With PowerPlay Golf, McEvoy and Piggins are courting players seeking a quicker alternative to 18-hole rounds. Careful to avoid the perception that PowerPlay Golf sullies the game's traditions, the entrepreneurs have sought input from the RA throughout the format's development. "I certainly don't think it snubs the traditions in any way," says Peter Dawson, the RA's chief executive. "I think golf has always developed, and I think this is an interesting venture. How successful it will be, I find very difficult to judge, but I'm very open-minded about it."

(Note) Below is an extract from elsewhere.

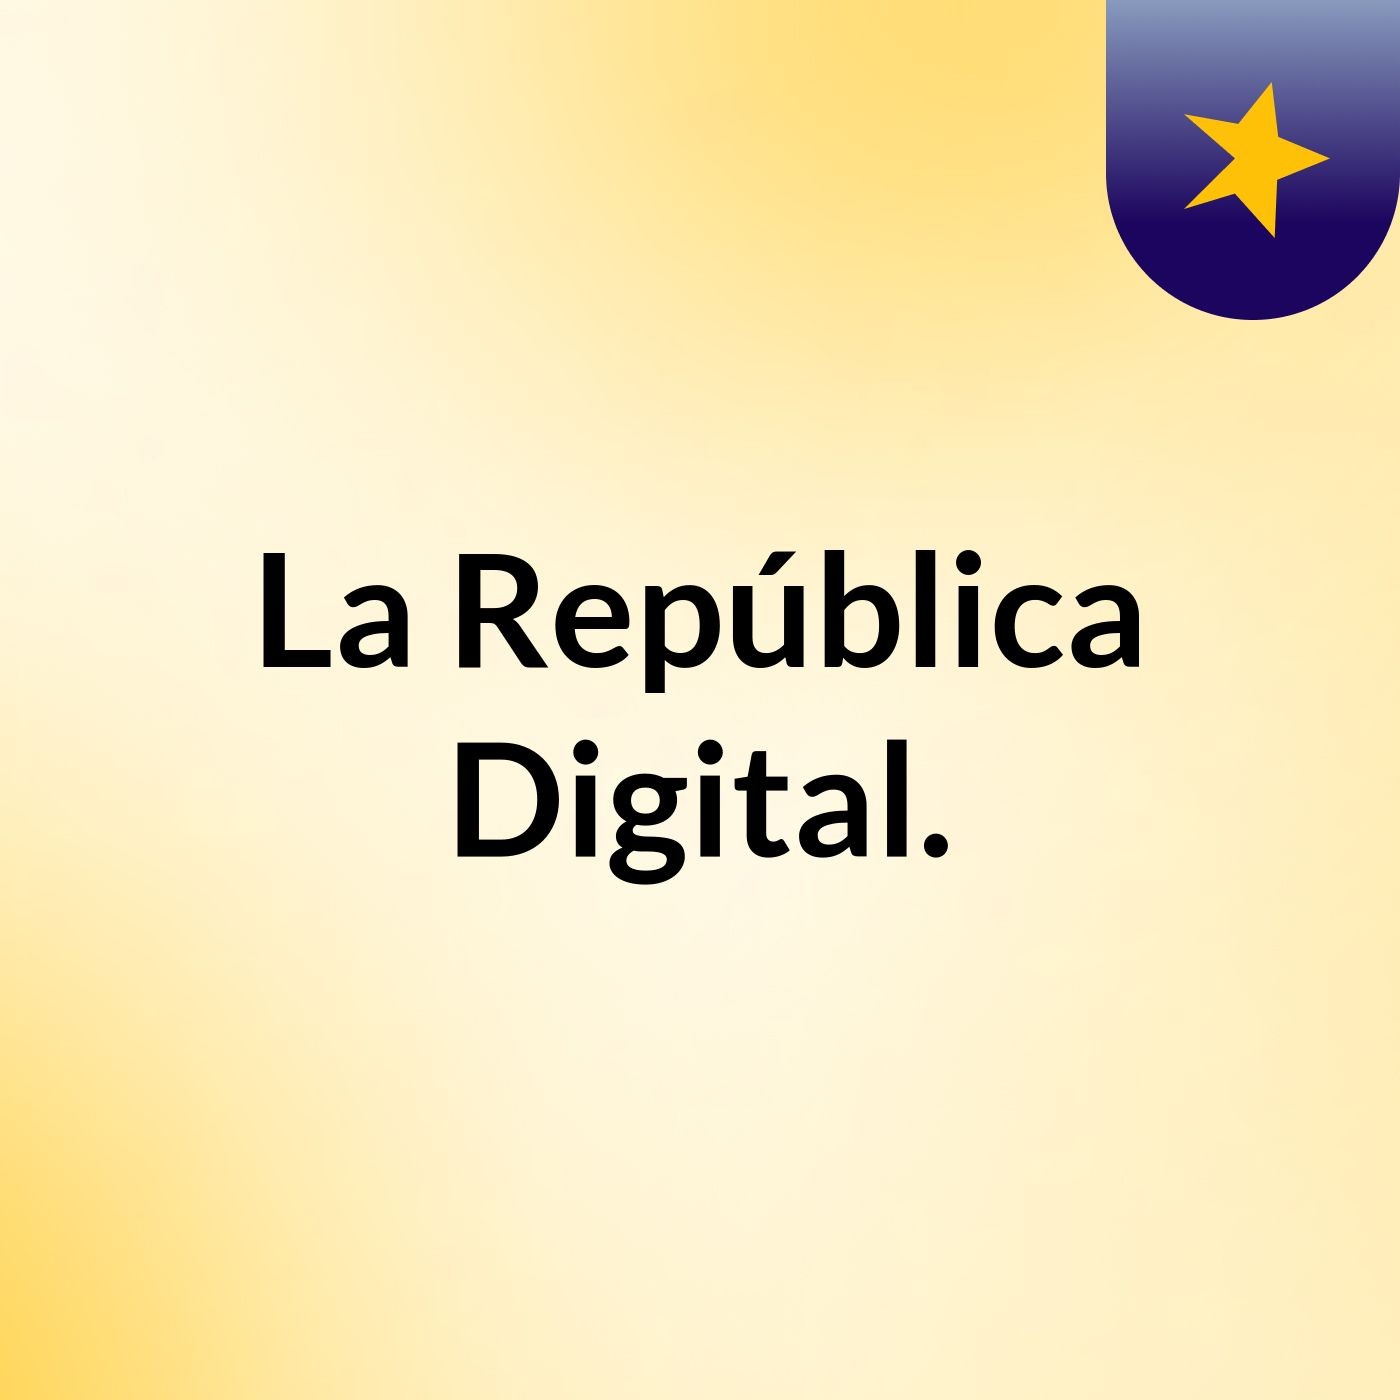 La República Digital.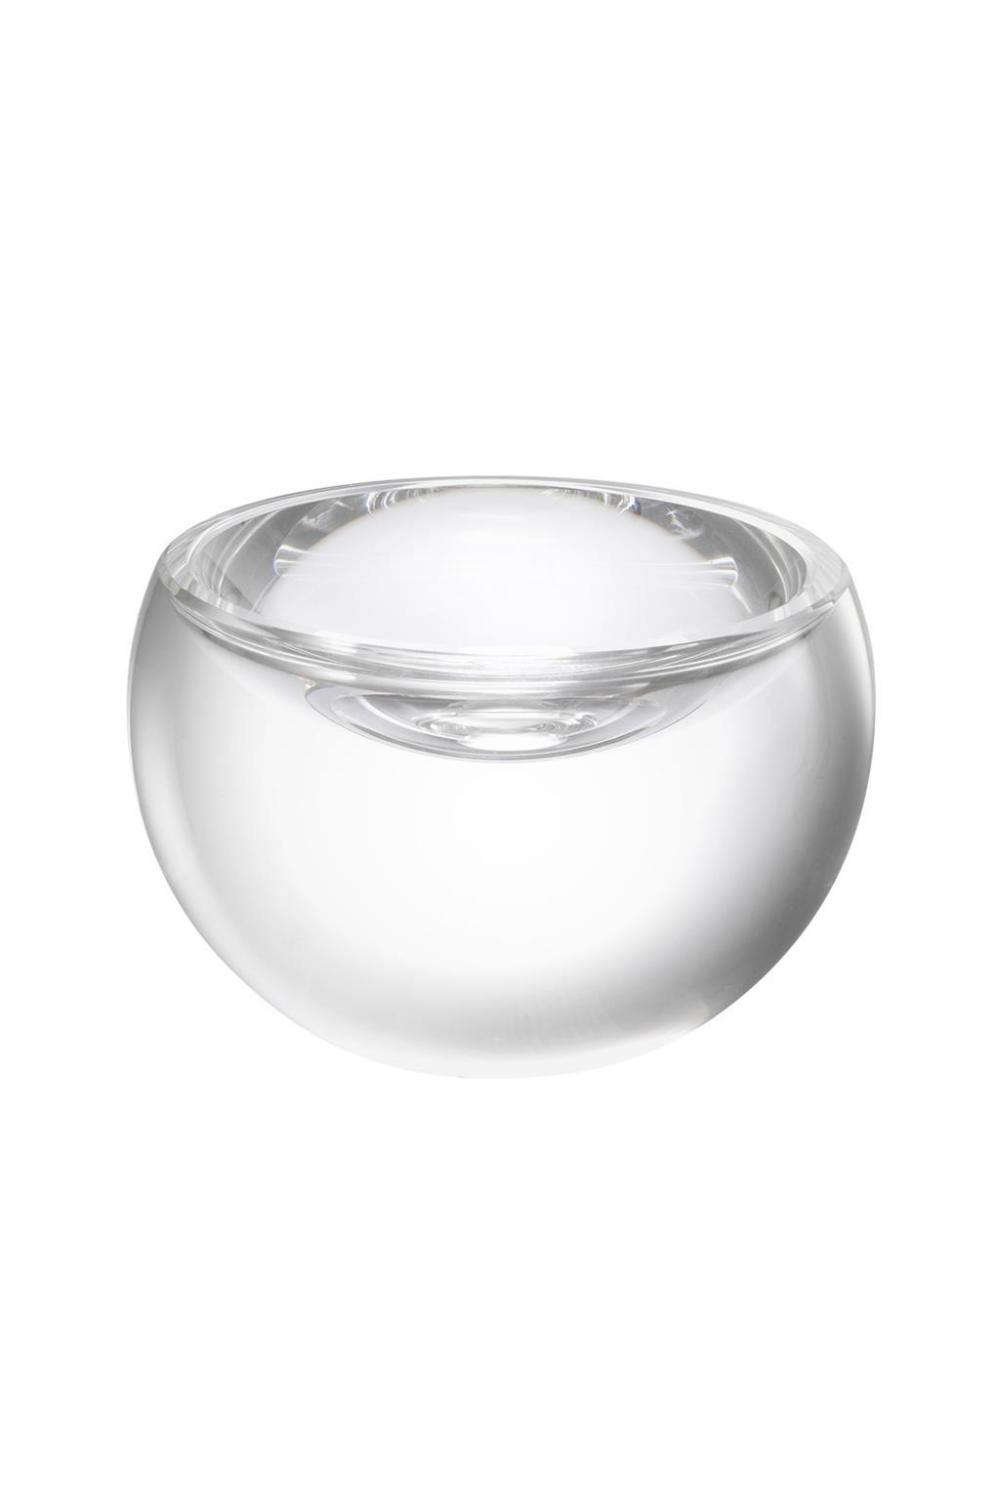 Crystal Glass Bowl | Eichholtz Vista | OROA

Despite RA support, other traditionalists have bristled at the format. "You get the occasional stuffy golf club, particularly in Britain, because we specialize in those, and they will have it at no price," McEvoy says. There has been similar resistance in South Africa, where about 35 of the nation's 450 clubs have adopted PowerPlay Golf, says Dennis Bruyns, chief executive of the South African PGA. "We're a very traditional market where people play a lot of competitive golf," Bruyns says. "They almost feel cheated if they don't play 18 holes."

Industry leaders introduced to PowerPlay Golf at the Golf 20/20 Forum recognized its merits as a potential way to increase participation while acknowledging the possible limits of its appeal to American golfers, many of whom play strictly for recreation and are only vaguely familiar with Stableford scoring. "It has more zip, excitement and strategy than your typical after-work, nine-hole league," adds Joe Beditz, president and CEO of the National Golf Foundation, who played in the conference's PowerPlay shootout.

The World Golf Village's Slammer Squire course, which hosted the Golf 20/20 PowerPlay shootout, is planning to launch a PowerPlay Golf league in the spring. The First Tee, the World Golf Foundation's youth development initiative, has begun piloting the format with some of its chapters. And last month the WGF and Power Play Golf announced "an expanded relationship" that will facilitate introducing the concept in the U.S.

PowerPlay Golf has had positive conversations with the USGA and PGA of America regarding the format, McEvoy says, but the company is treading softly in its approach to the U.S. market. "We've made very early overtures, but we don't want to push too hard," he says. "We want to get the [tour] pro game ready, we want to get on TV, we want everybody to be able to see it. … Our experience is you can't push it until people know what you're talking about."